Fig. 27.—Spread of the Air-wave from Krakatoa to the Antipodes.


(From the Royal Society’s Reports.)

Among the many other incidents connected with this explosion, I


may specially mention the wonderful system of divergent ripples that
started in our atmosphere from the point at which the eruption took
place. I have called them ripples, from the obvious resemblance
which they bear to the circular expanding ripples produced by
raindrops which fall upon the still surface of water. But it would be
more correct to say that these objects were a series of great
undulations which started from Krakatoa and spread forth in ever-
enlarging circles through our atmosphere. The initial impetus was so
tremendous that these waves spread for hundreds and thousands of
miles. They diverged, in fact, until they put a mighty girdle round the
earth, on a great circle of which Krakatoa was the pole. The
atmospheric waves, with the whole earth now well in their grasp,
advanced into the opposite hemisphere. In their further progress
they had necessarily to form gradually contracting circles, until at
last they converged to a point in Central America, at the very
opposite point of the diameter of our earth, eight thousand miles
from Krakatoa.

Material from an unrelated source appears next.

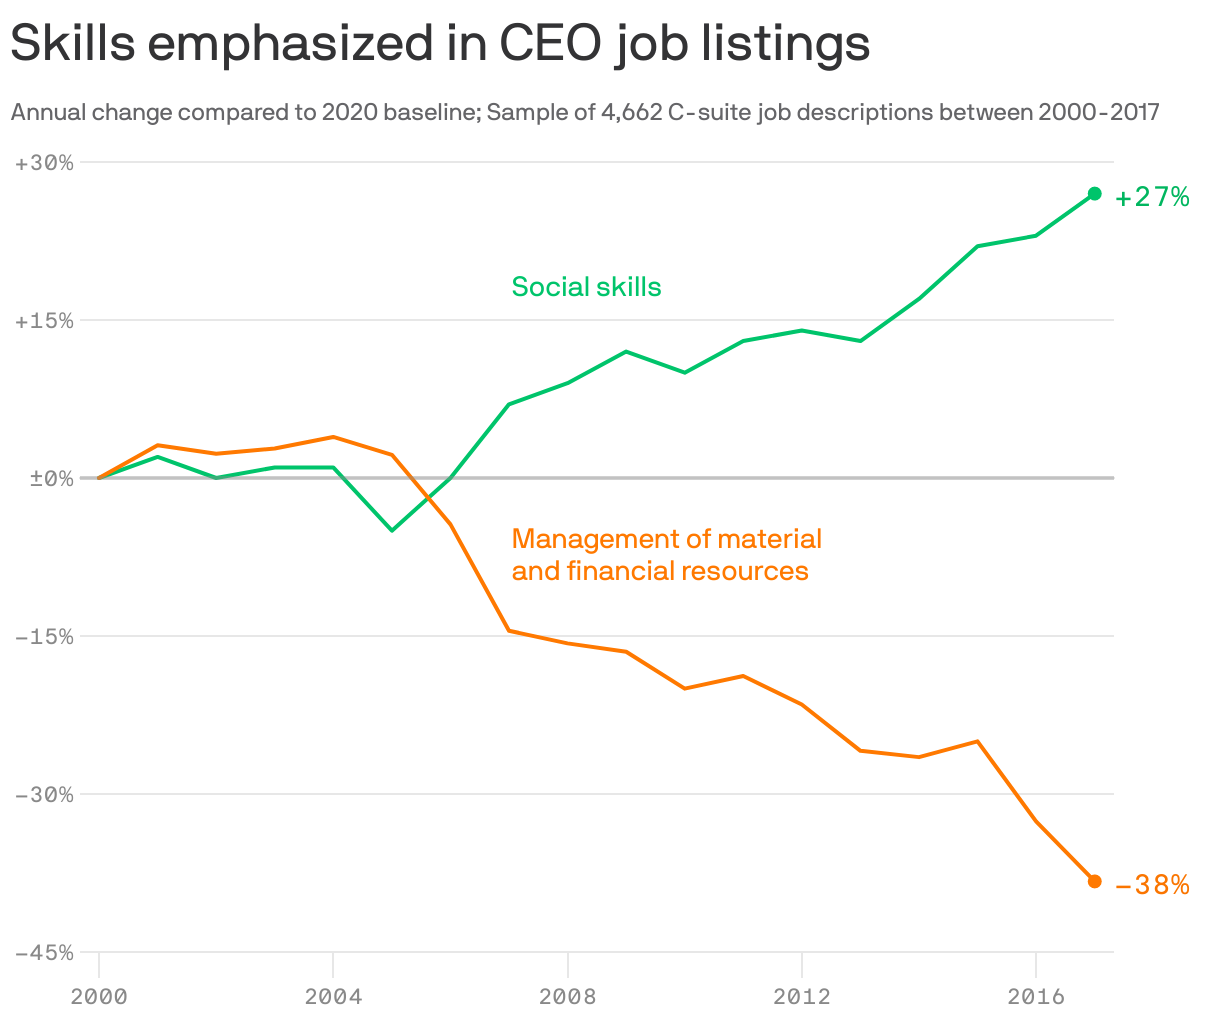 Skills emphasized in CEO job listings

Thus the waves completely embraced the earth.
Every part of our atmosphere had been set into a tingle by the great
eruption. In Great Britain the waves passed over our heads, the air
in our streets, the air in our houses, trembled from the volcanic
impulse. The very oxygen supplying our lungs was responding also
to the supreme convulsion which took place ten thousand miles
away. It is needless to object that this could not have taken place
because we did not feel it. Self-registering barometers have enabled
these waves to be followed unmistakably all over the globe.

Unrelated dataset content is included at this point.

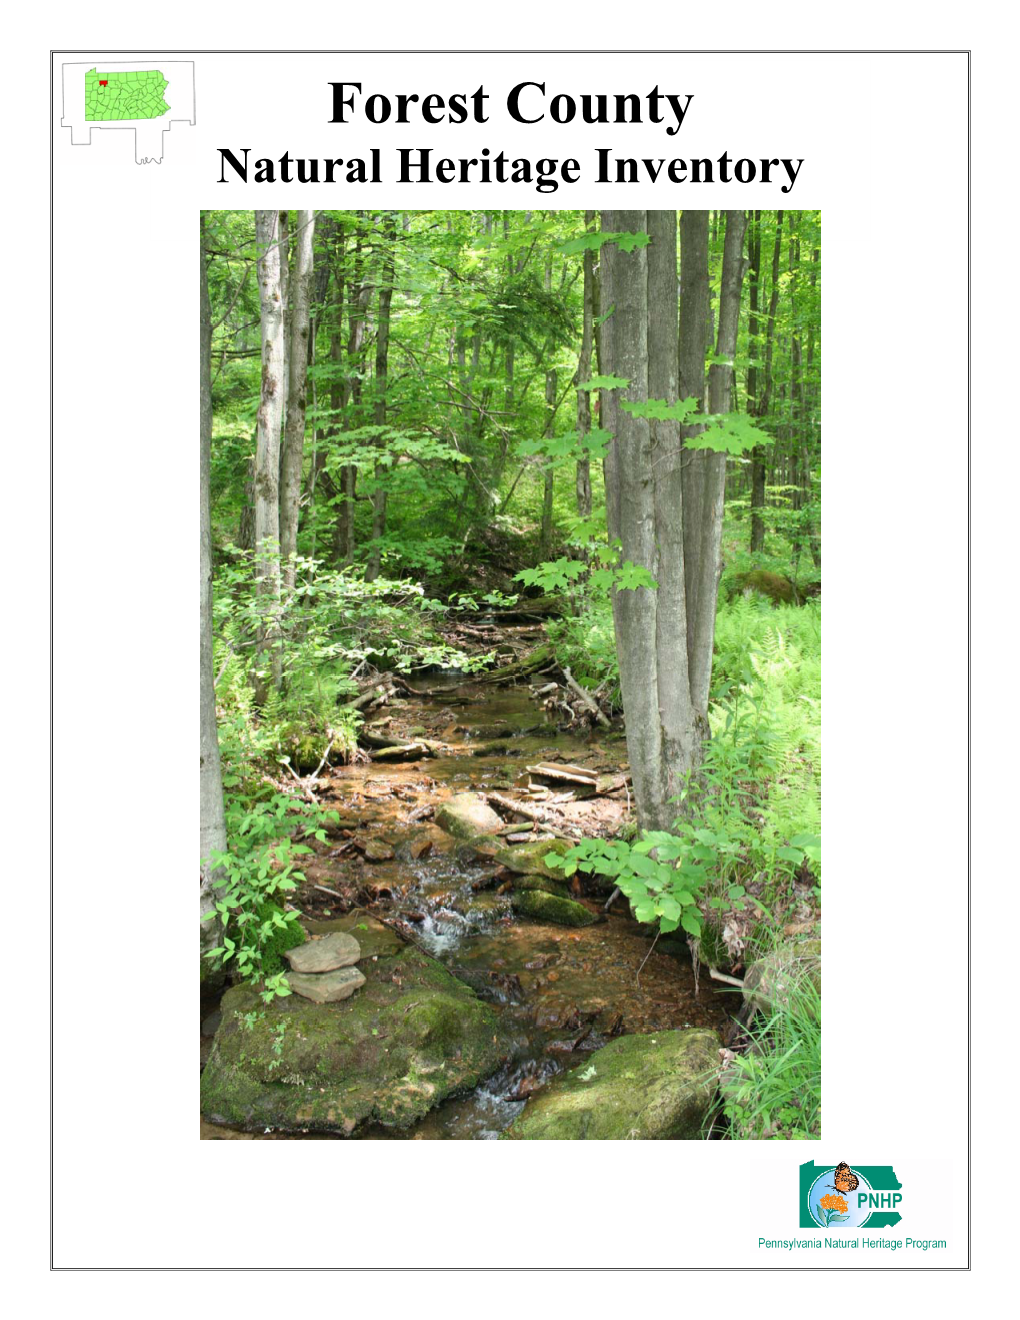 Forest County Natural Heritage Inventory

Such was the energy with which these vibrations were initiated at
Krakatoa, that even when the waves thus arising had converged to
the point diametrically opposite in South America their vigour was
not yet exhausted. The waves were then, strange to say, reflected
back from their point of convergence to retrace their steps to
Krakatoa. Starting from Central America, they again described a
series of enlarging circles, until they embraced the whole earth.
Then, advancing into the opposite hemisphere, they gradually
contracted until they had regained the Straits of Sunda, from which
they had set forth about thirty-six hours previously. Here was,
indeed, a unique experience. The air-waves had twice gone from
end to end of this globe of ours. Even then the atmosphere did not
subside until, after some more oscillations of gradually fading
intensity, at last they became evanescent.
But, besides these phenomenal undulations, this mighty incident
at Krakatoa has taught us other lessons on the constitution of our
atmosphere. We previously knew little, or I might almost say
nothing, as to the conditions prevailing above the height of ten miles
overhead. We were almost altogether ignorant of what the wind
might be at an altitude of, let us say, twenty miles. It was Krakatoa
which first gave us a little information which was greatly wanted.
How could we learn what winds were blowing at a height four times
as great as the loftiest mountain on the earth, and twice as great as
the loftiest altitude to which a balloon has ever soared? We could
neither see these winds nor feel them. How, then, could we learn
whether they really existed? No doubt a straw will show the way the
wind blows, but there are no straws up there. There was nothing to
render the winds perceptible until Krakatoa came to our aid.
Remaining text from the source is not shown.